I love that the Gospel of Luke, unlike the other Gospels tells us what Moses, Elijah and Jesus talked about—they talked about his departure—his exodus to Jerusalem where we all know he will die.

The Glory of God and sacrifice never too far from each other. The Glory of God on the mountaintop and the abandonment of God who leaves his son on a cross for a time surround our spiritual selves like a cage.

Jesus discourages the tents—the shrines, the imprisonment of God because God is not only the mountaintop but also in the muddy ditch—addiction, poverty, pain, suffering—as Luke reminds us in the Good Samaritan story.

In our lives, the absence of God can be just as palpable as God’s presence. Praying for a cancer cure that does not come. Watching our children struggle with drugs. Looking up to the heavens for God to stop another shooting.

So, how big is our garden that we nurture and protect? Is it just our family or our church? Is it wider, encompassing global outreach or political causes? It can be as great and wide as the neighbor who is the person who happens to be next to us.

As Christians we, like Peter, face the temptation of becoming entrenched in our mountaintop experiences, wanting to live safely apart from the struggle and desperation of those who seek justice in an unjust world.

As tempting as it is, we cannot get comfortable on the mountaintop, for we are just passing through.

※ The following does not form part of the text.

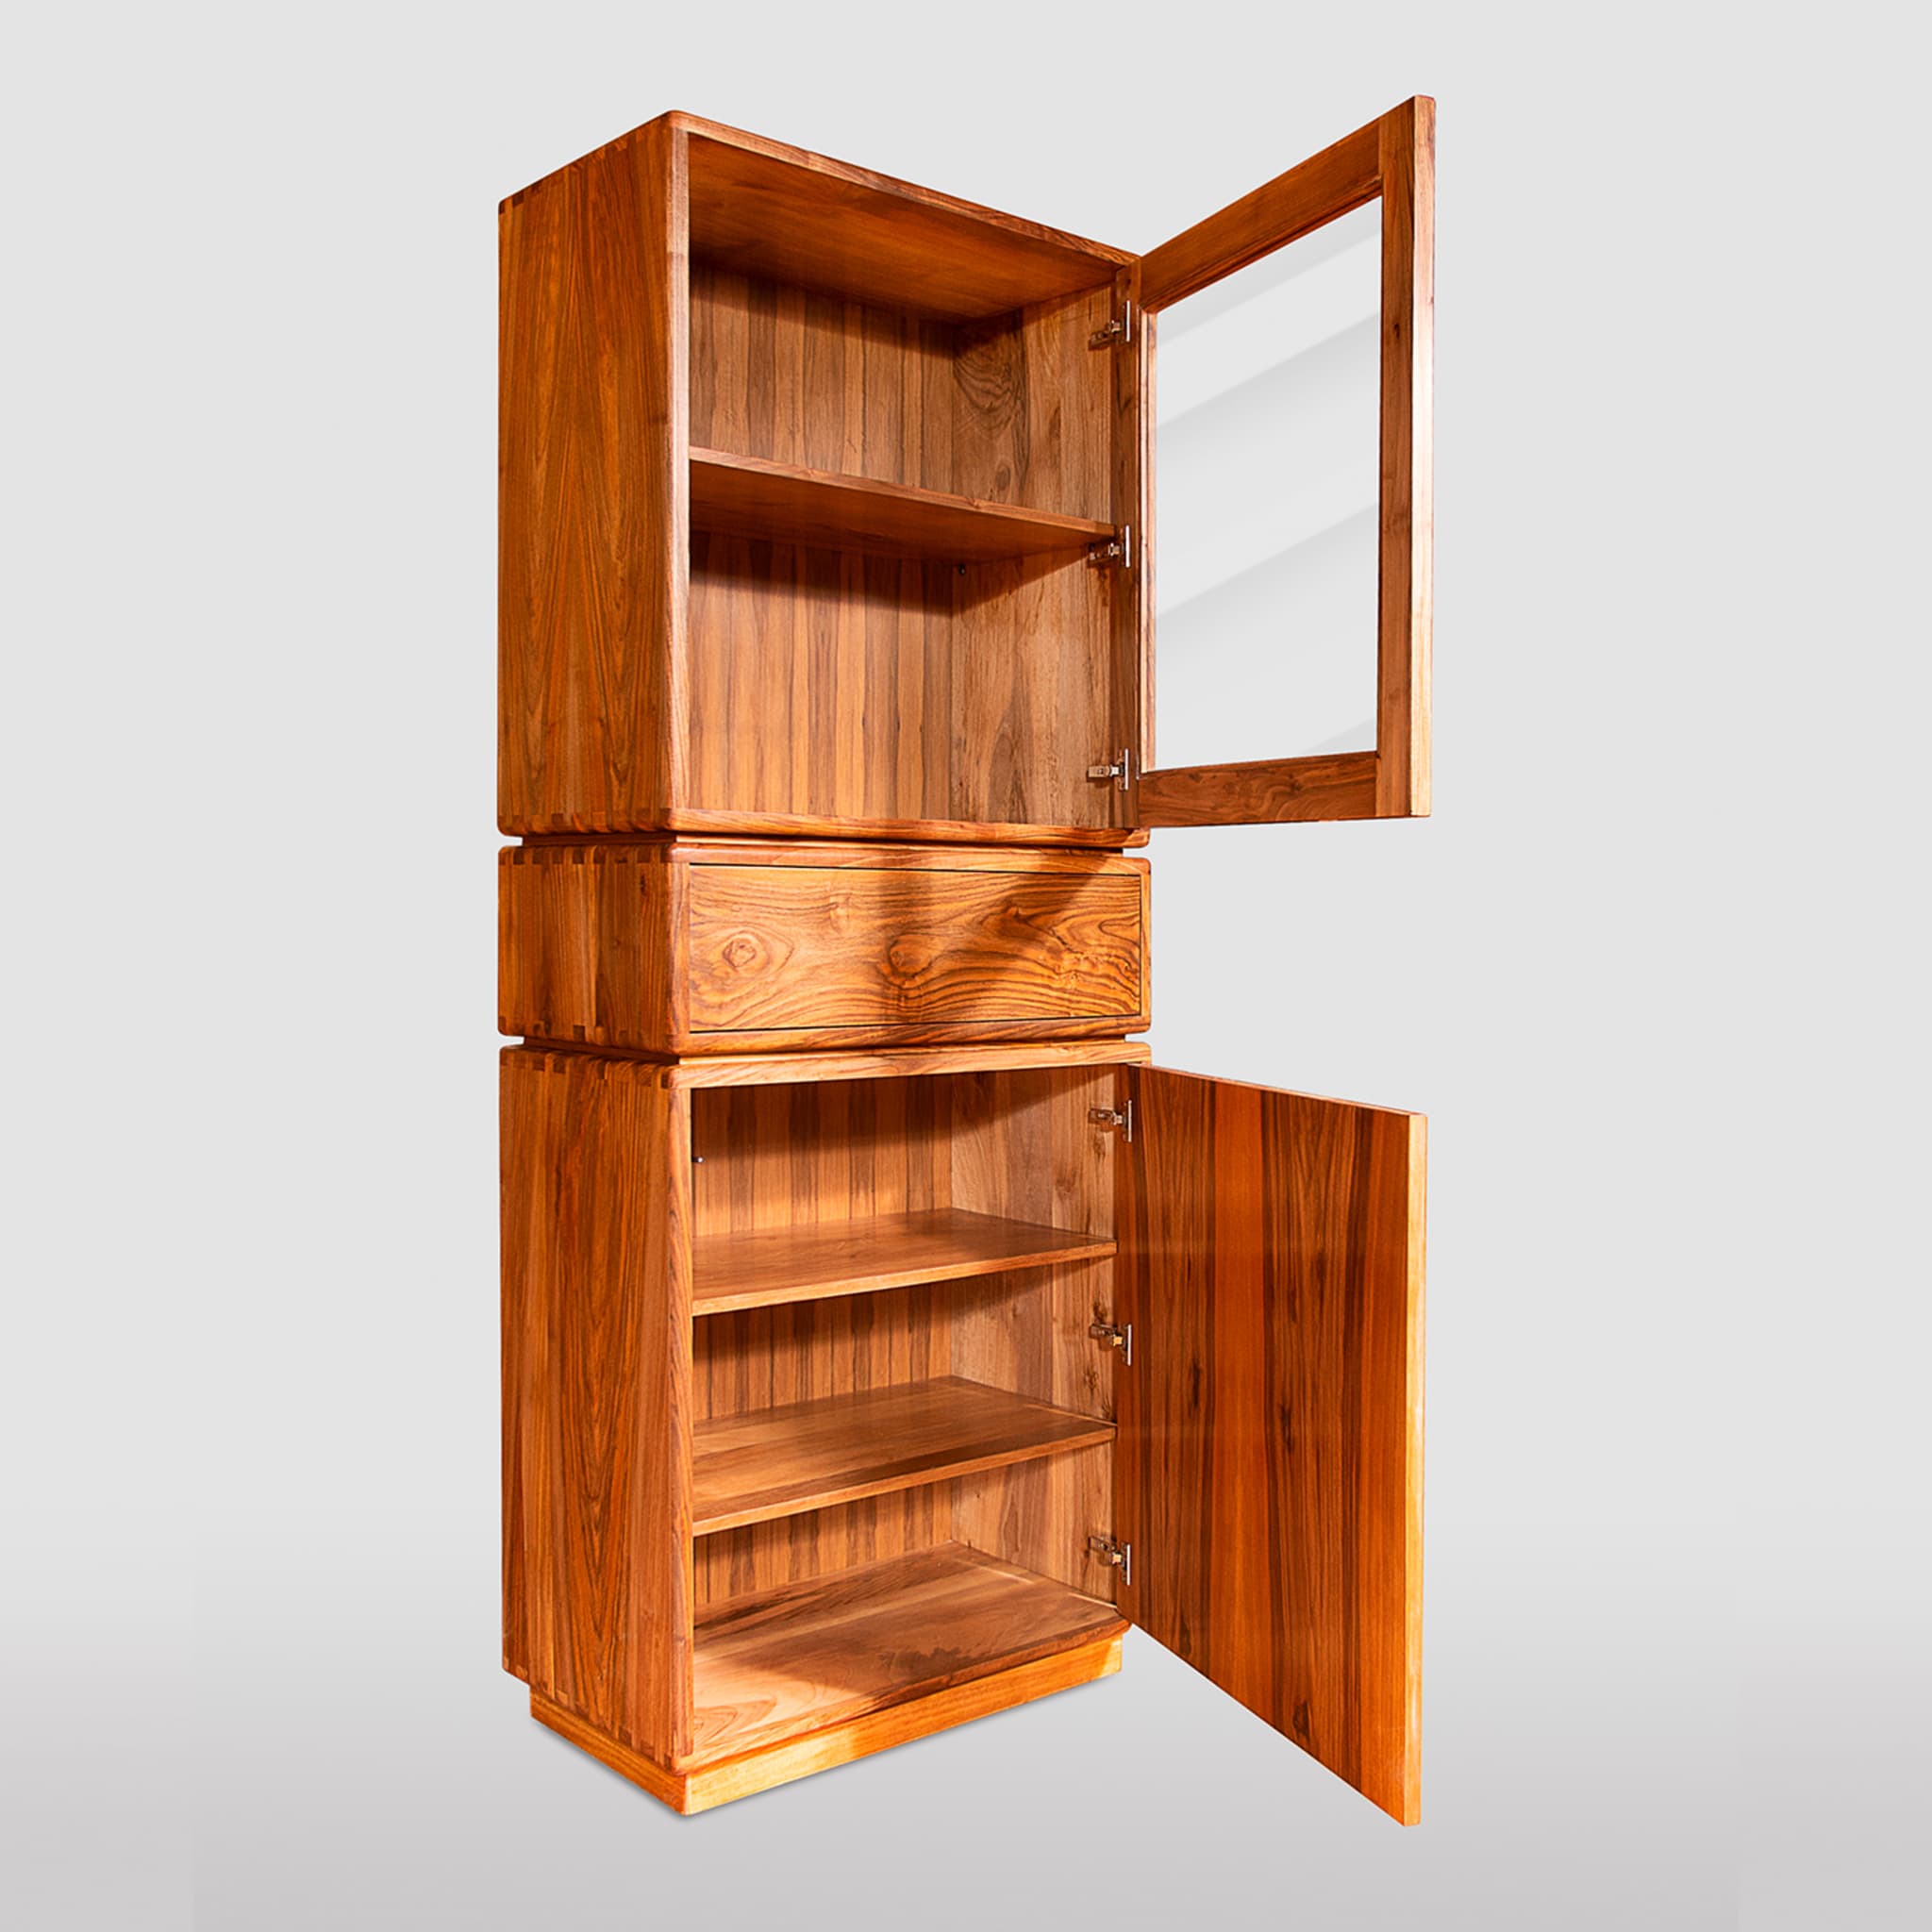 Dovetail Cabinet by Eugenio Gambella - Alternative view 4

We may only rest awhile on our journey back down the mountain, to more fully love justice in the day-to-day difficulties of trying to live the gospel in a broken world.

Young people have a lot teach us about enlarging our garden. Moving beyond the church building, seeing God in all things and at all times. Young people are finding God everywhere but the church.

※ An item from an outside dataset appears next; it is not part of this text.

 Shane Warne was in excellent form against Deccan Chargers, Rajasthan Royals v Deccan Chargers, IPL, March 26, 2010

But church folk have a lot to teach young people as well. Religion and spiritually are not mutually exclusive. As Episcopal Bishop Steven Charleston, a member of the Choctaw Nation says, “Religion is spirituality shared.”

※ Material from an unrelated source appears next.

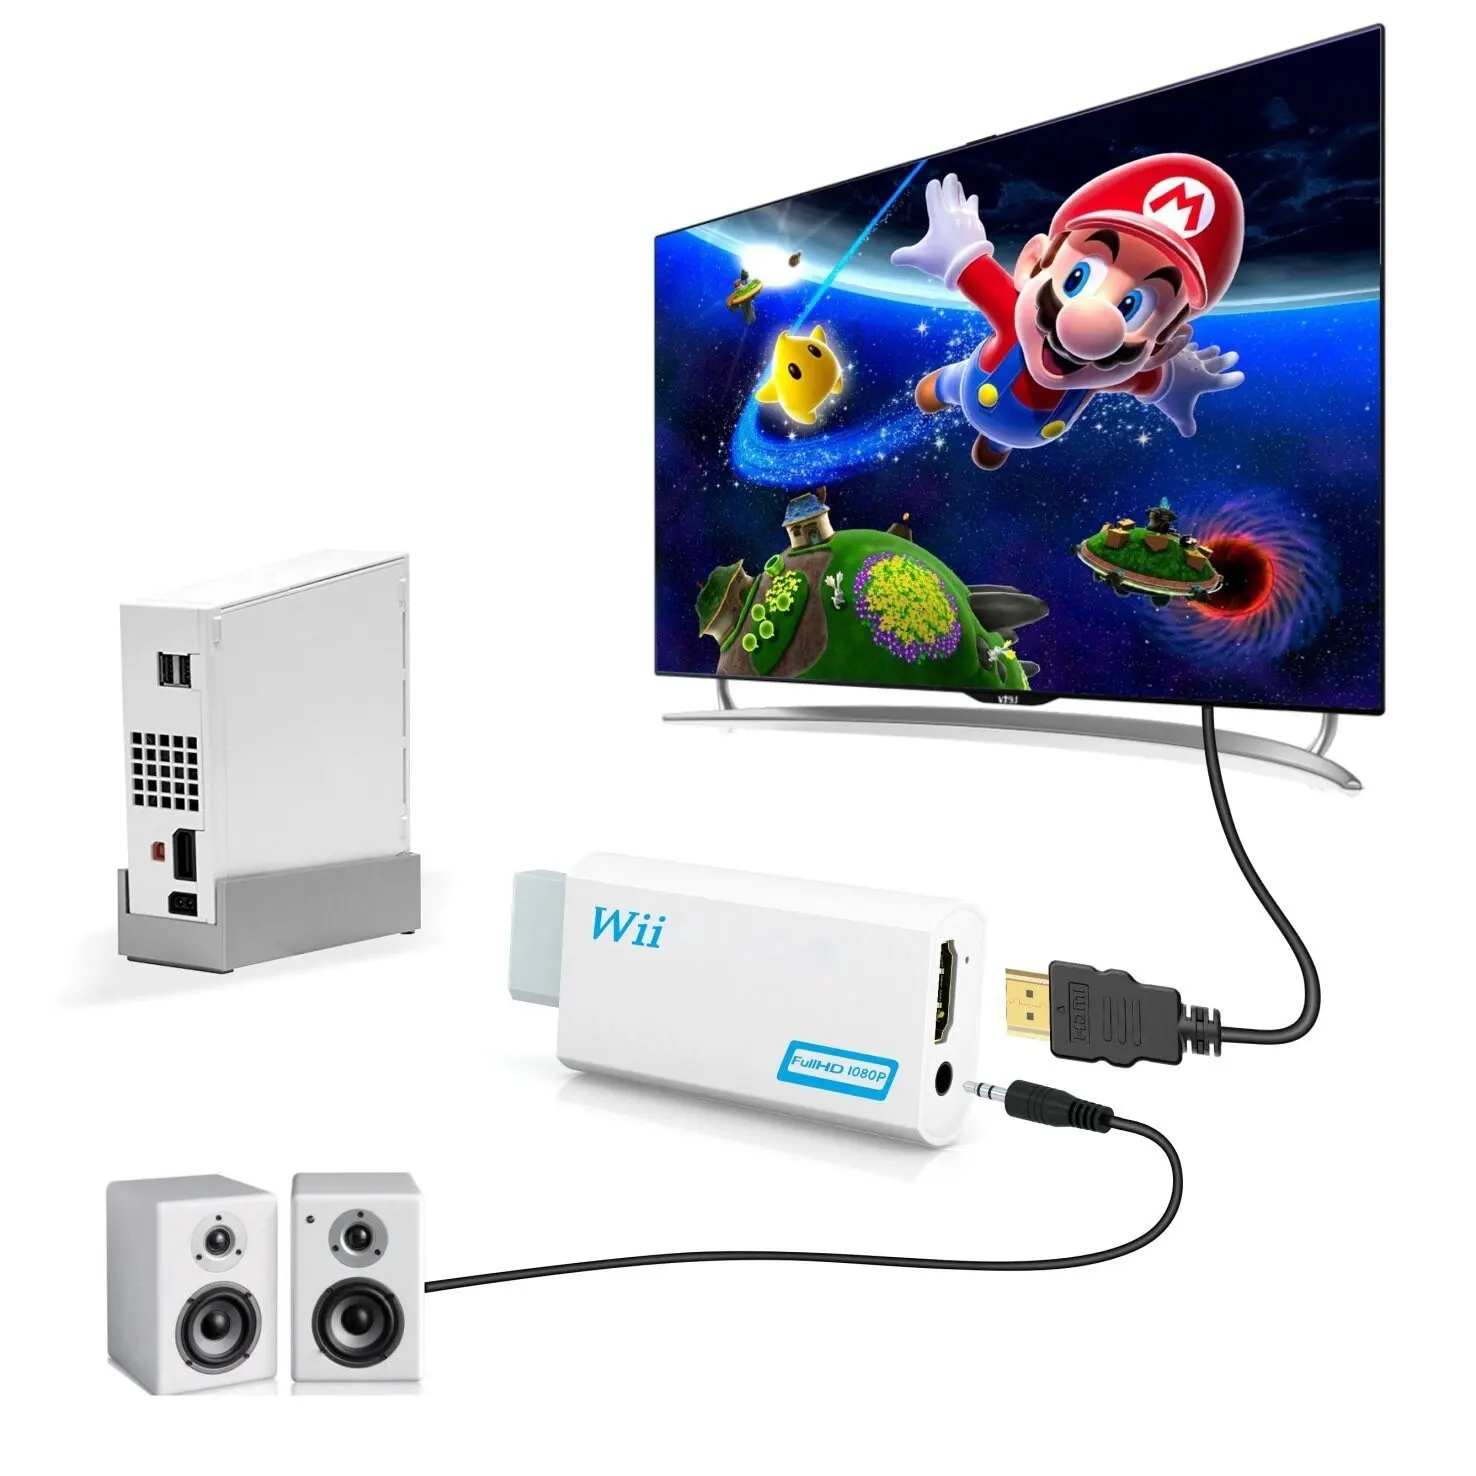 Full HD 1080P Wii to HDMI Compatible Converter Adapter Wii2HDMI Converter 3.5mm Audio for PC HDTV Monitor Display images - 6

And any work we do on our buildings is not for ourselves but to serve God when we come down off the mountaintop.

God’s garden is as big as the universe. A garden to nurture and protect.

As we know, a garden can be a place of growth or a place of betrayal.

Jesus plants a seed in each of us. The seed of love and respect.

May your lives be full of flowers, may the spirit surround you with arms of loving kindness and may your earth be fertile with God’s peace, reconciliation and justice.

Now let us tend our garden universe together.